Governing, by definition, means taking responsibility. And that is the one thing that these Tories, not even the barely-competent Rishi Sunak, seem able to do. Prepare to be bored by Sir Keir Starmer.
Chief Twit
Elon Musk (net worth north of £200bn) once said he wanted to die on Mars. Before that he wants to save the world from itself. He’s on a mission to save democracy, free speech and the ozone layer from fossil fuel pollution. He wants to move people in giant tubes from one continent to another and inhabit other planets.
Which is why he built Tesla, a rocket company and, more recently, bought Twitter. He’s allowed Donald Trump and Kanye West back on Twitter. He tried very hard to disprove the severity of the Coronovirus after it hit production at his Tesla factories. That didn’t go so well.
Now he wants the rest of us Twits to vote on whether he should stay or step down as CEO. The man needs love.

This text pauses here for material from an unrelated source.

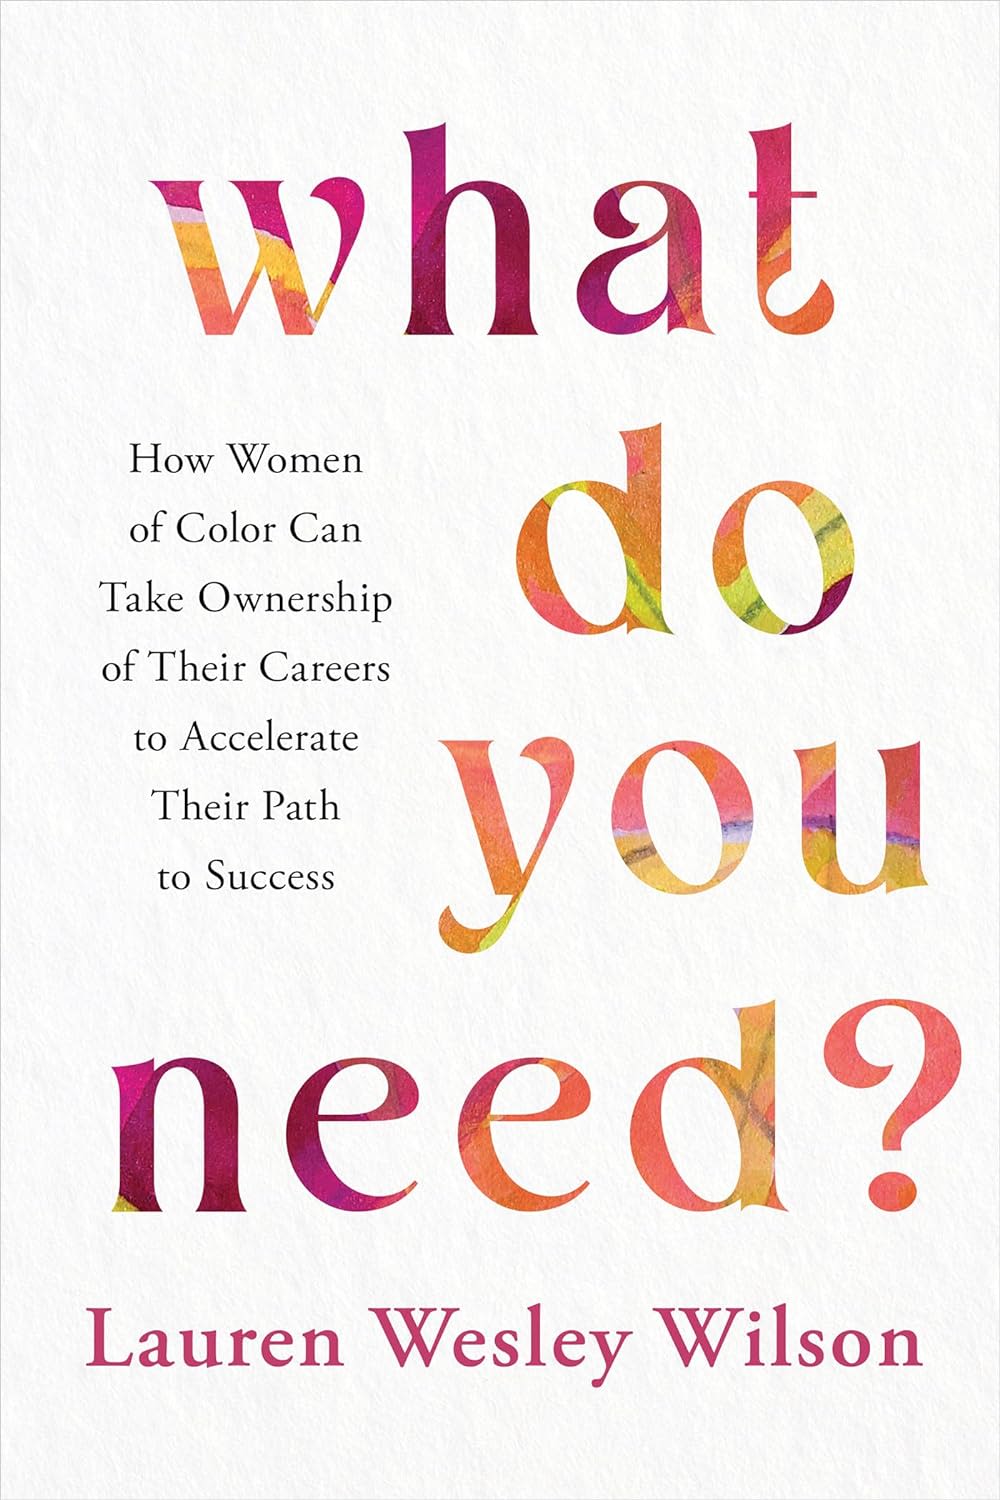 Lauren Wesley Wilson’s ‘What Do You Need?’ helps Black women ask for what they deserve at work
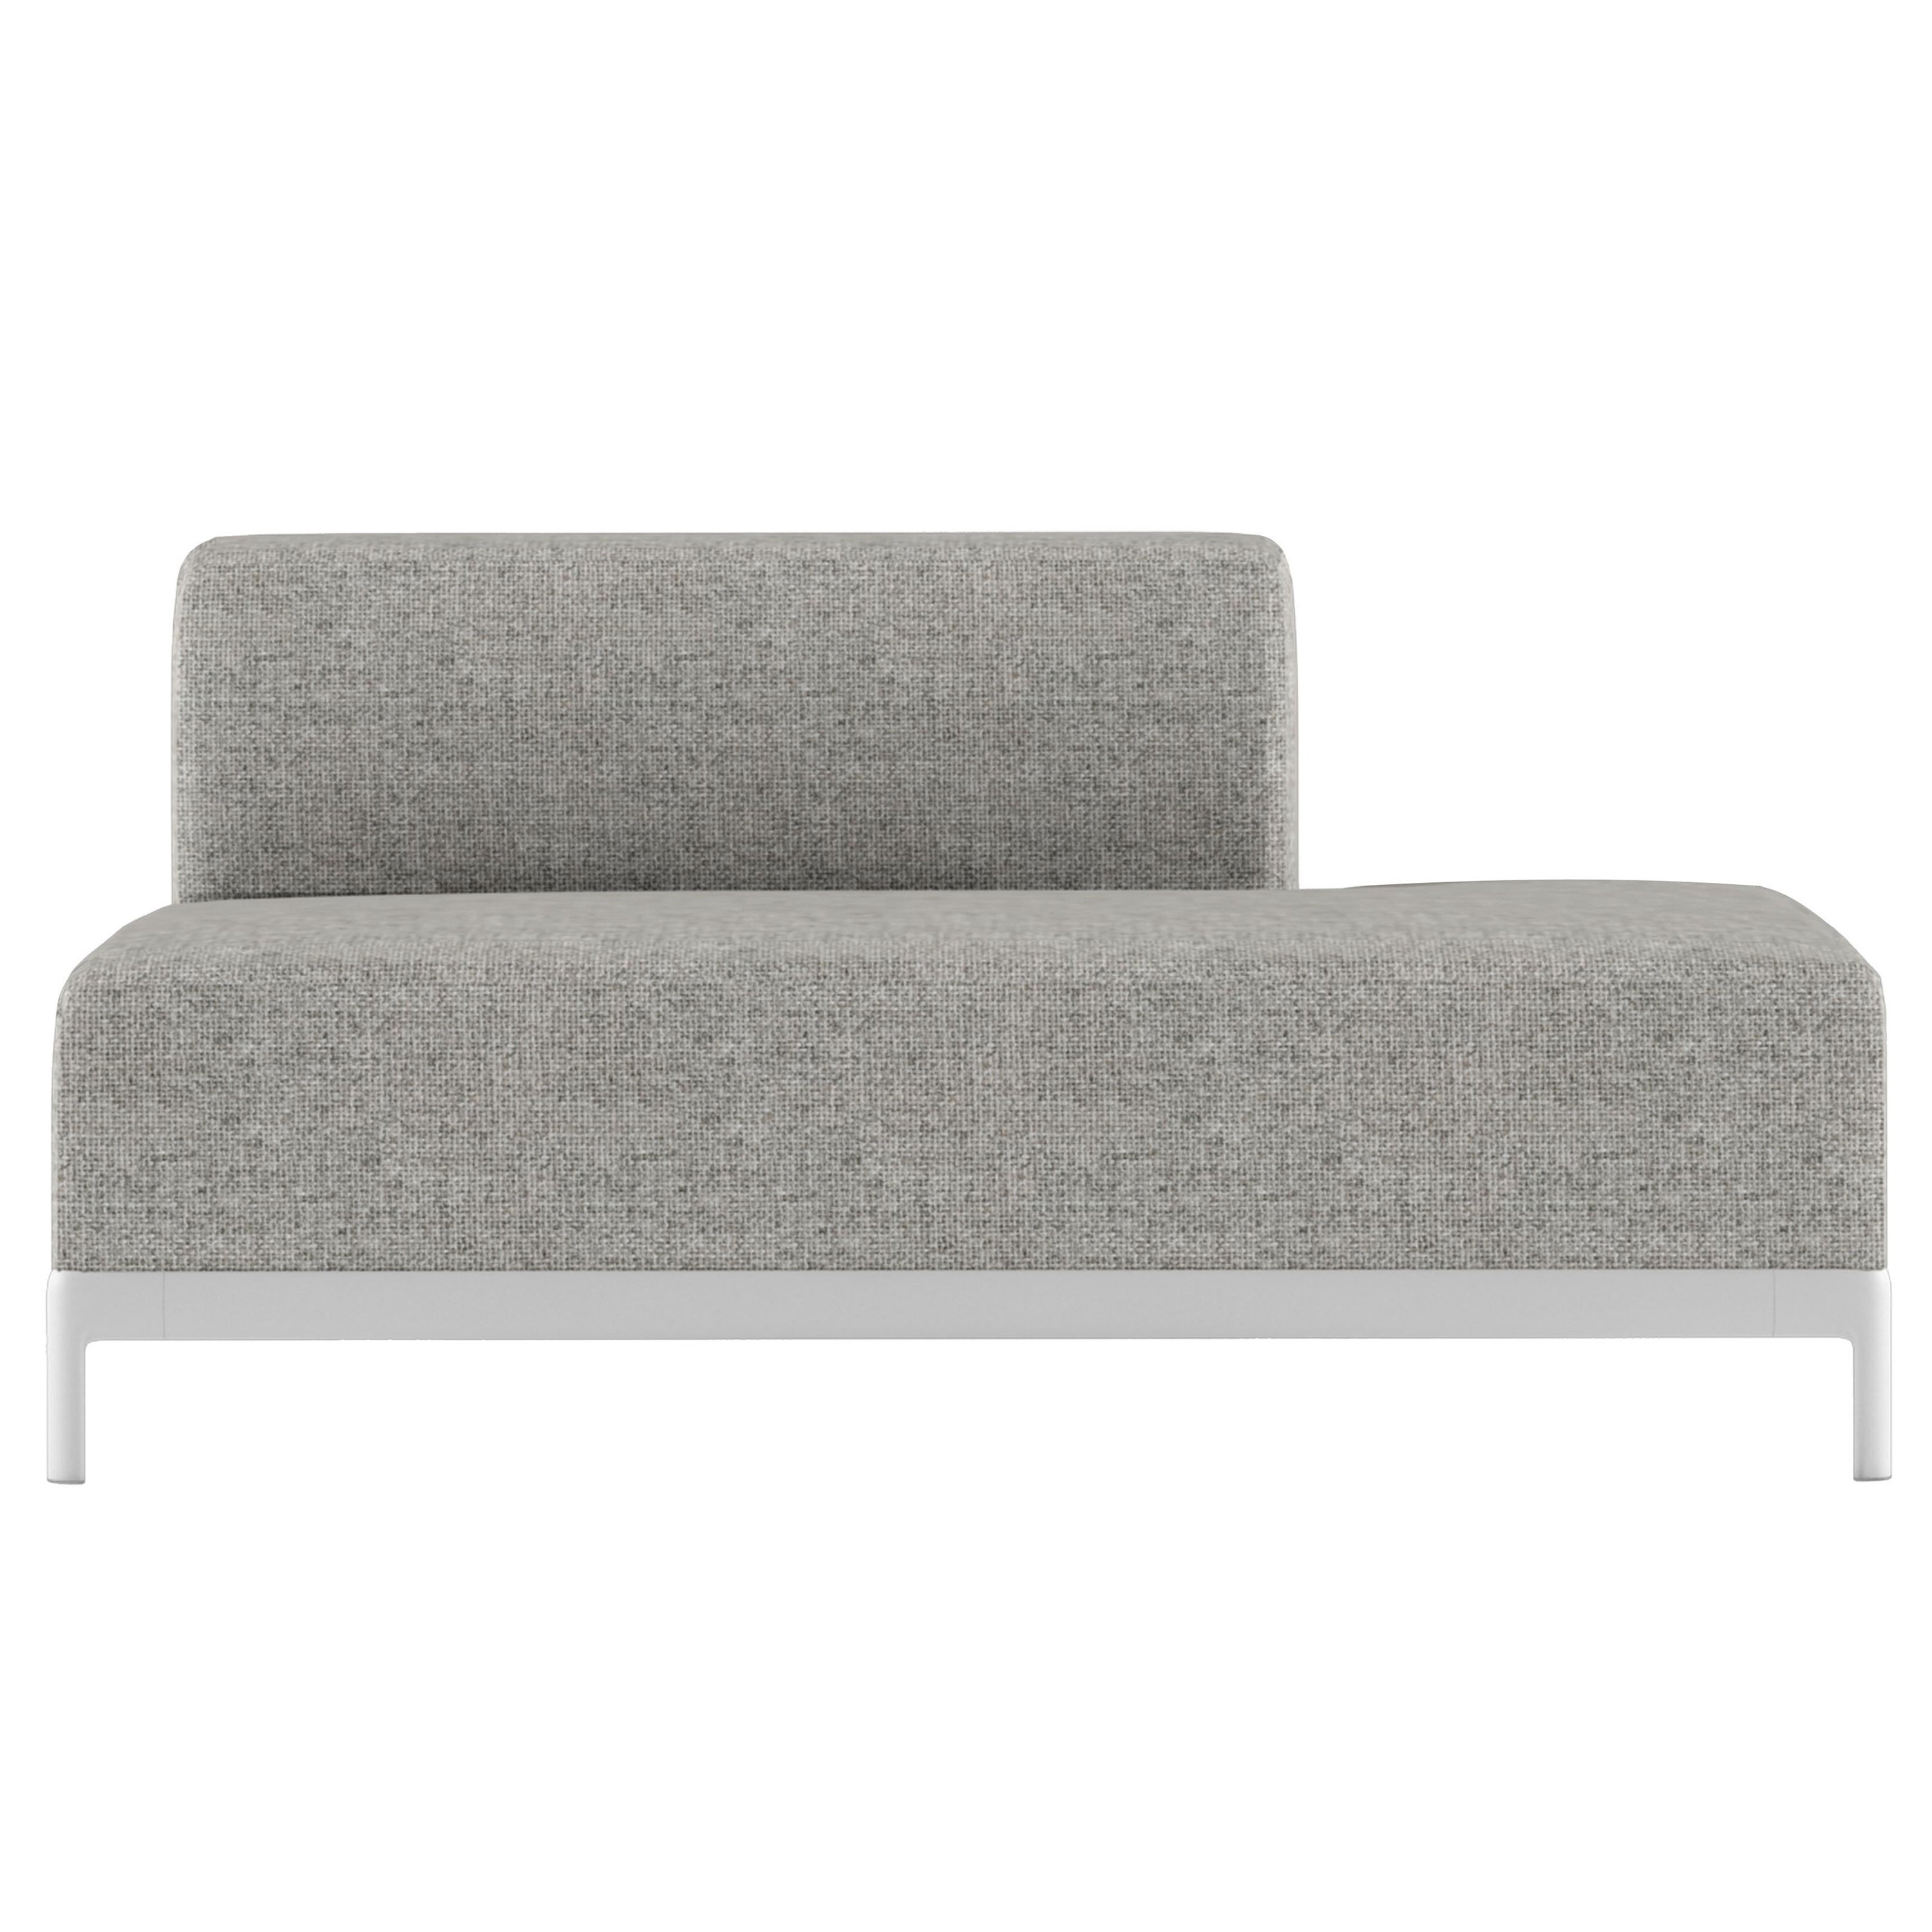 Alias P67 AluZen Soft Ending Sofa Outdoor DX in Upholstery with Aluminium Frame For Sale

Musk thinks he’s a genius and there’s some evidence to support that: he’s a rocket scientist after all. But he is also, as Vanity Fair pointed out in 2020, ‘bat-shit crazy’. The rumour that he wanted to buy Manchester United turned out to be a joke. I do hope so.
People of 2022
My mum was a refugee. She was caught trying to flee Russian-occupied Poland in WWII and sent to a Soviet Gulag for two years. It broke her. I’m pretty sure she’d want to nominate all refugees from war, persecution, and famine as her choice for People of 2022. I’d second that.
With all the existential challenges facing the world, chief among them the climate, food and fresh water crises, it’s likely that refugees will take up many more annual ‘People of..’ honorifics in the years to come. It is though a lovely tribute to your mother and all that she endured.